#### [TASK TO CARRY OUT]
Would you please repeat, word for word, only the lines from the one holding "Owensboro, KY Wedding" through the one holding "Metall hörnet lådcykel" in the material below, without the pictures?

#### [DATA FOR THIS TASK]
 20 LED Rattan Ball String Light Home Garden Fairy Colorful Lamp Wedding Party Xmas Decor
* * *
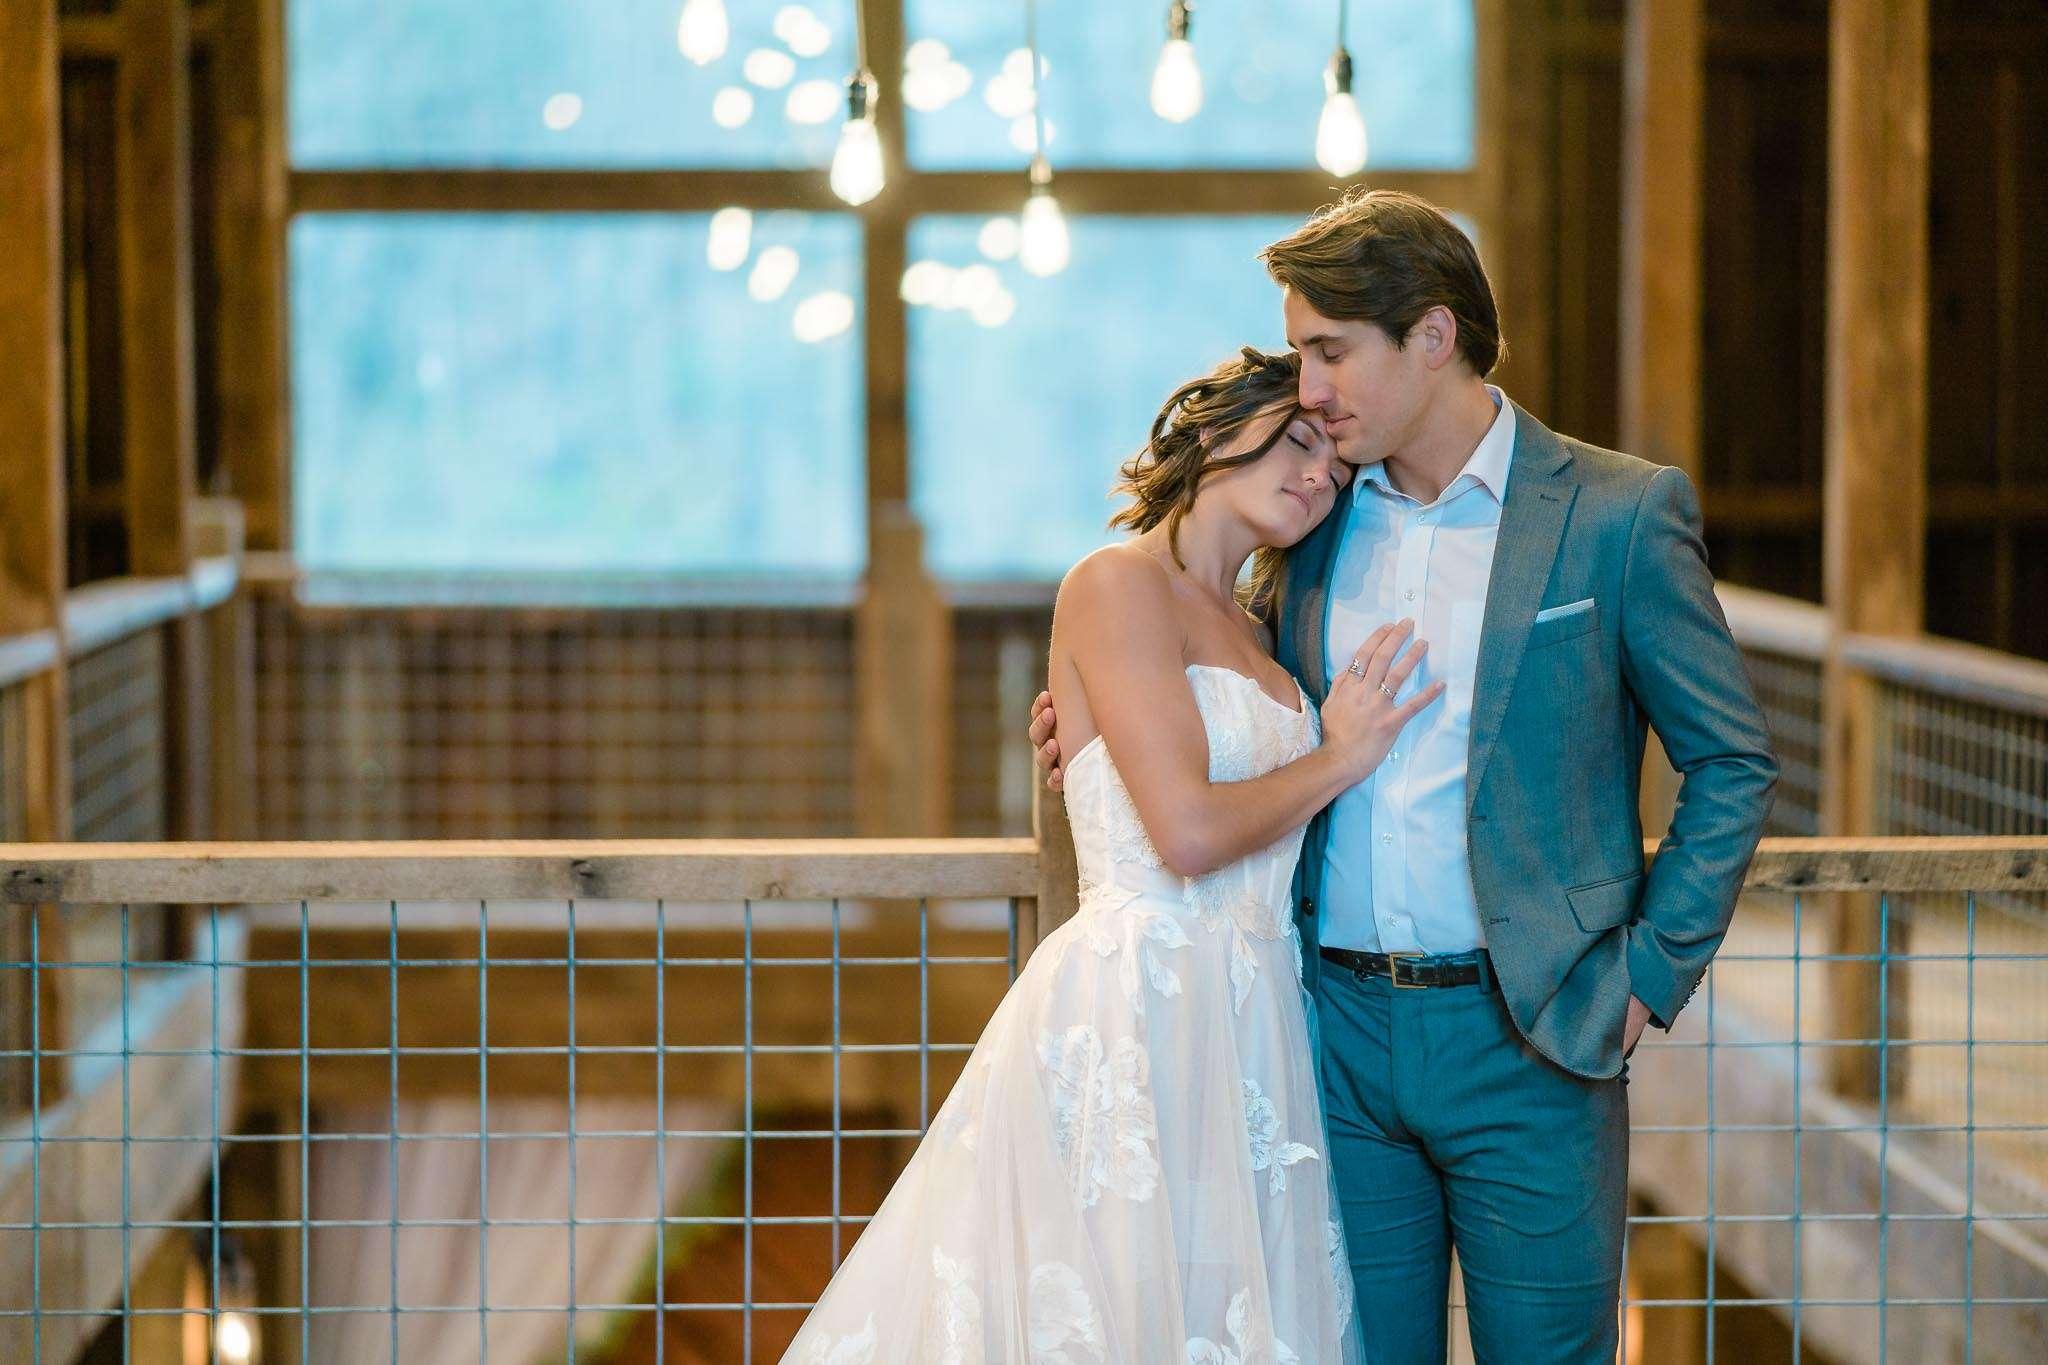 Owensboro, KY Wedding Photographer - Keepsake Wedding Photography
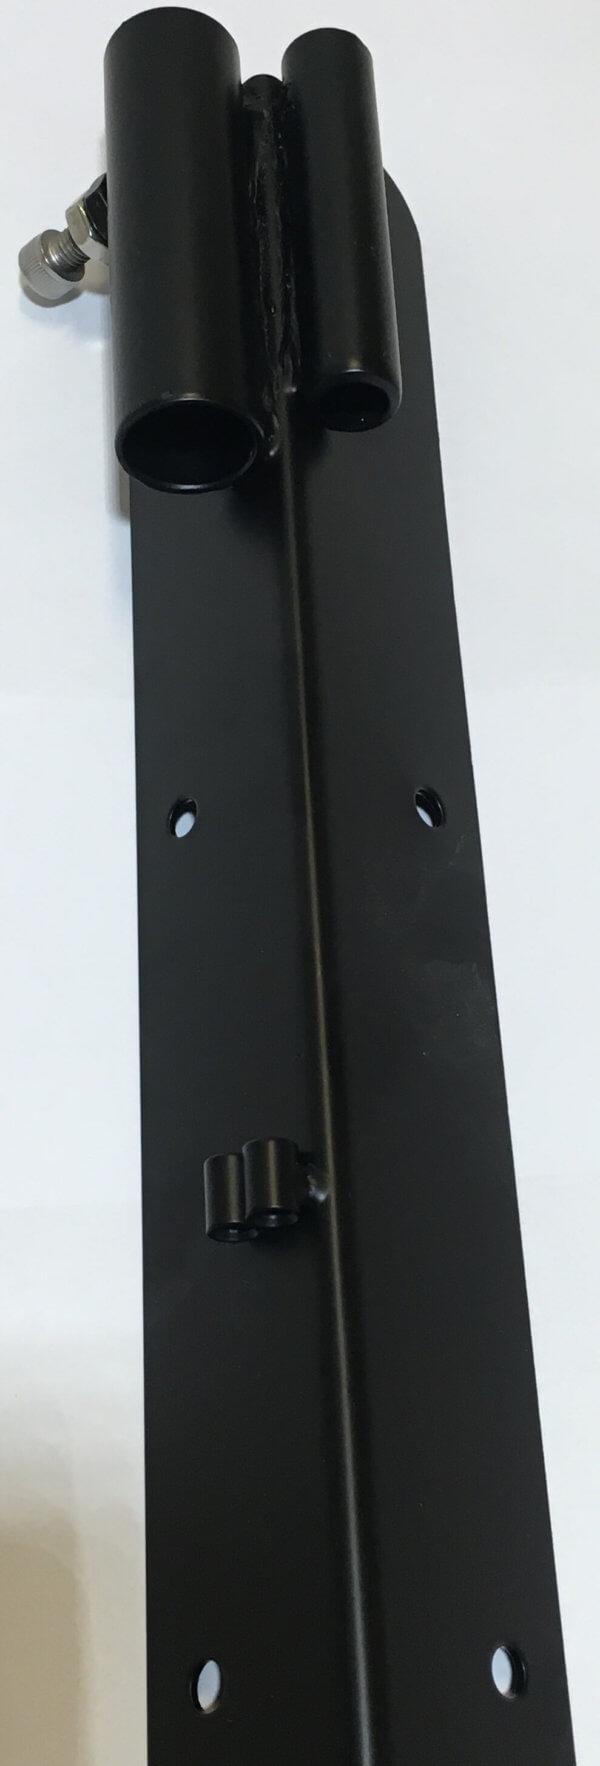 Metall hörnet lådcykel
...
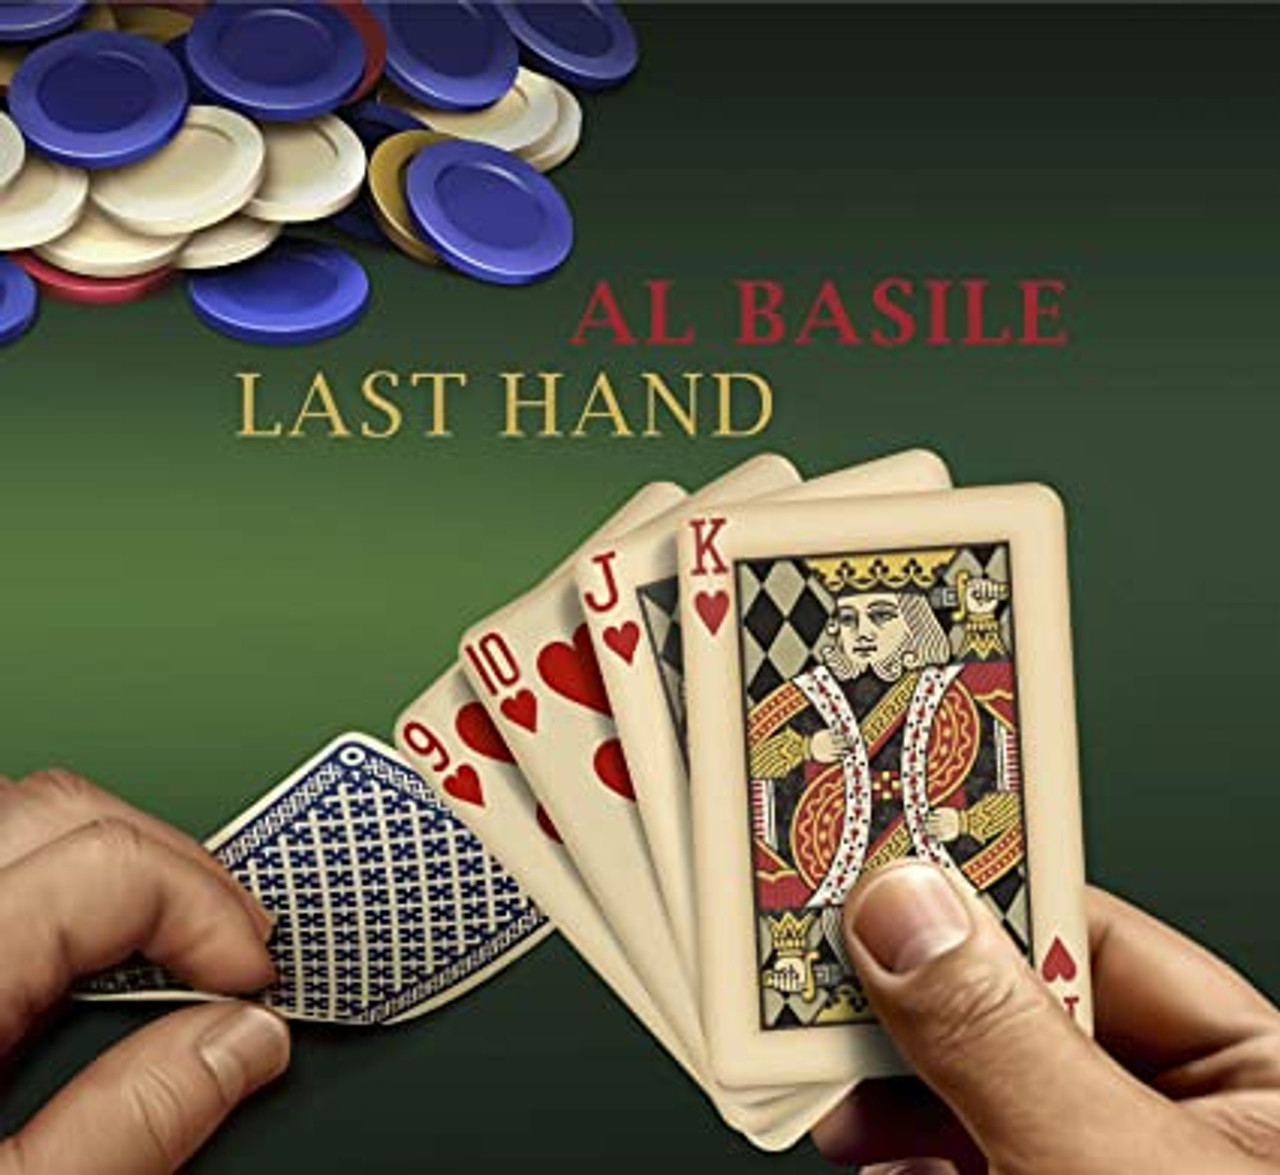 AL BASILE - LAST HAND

#### [TASK RESULT]
 Owensboro, KY Wedding Photographer - Keepsake Wedding Photography
 Metall hörnet lådcykel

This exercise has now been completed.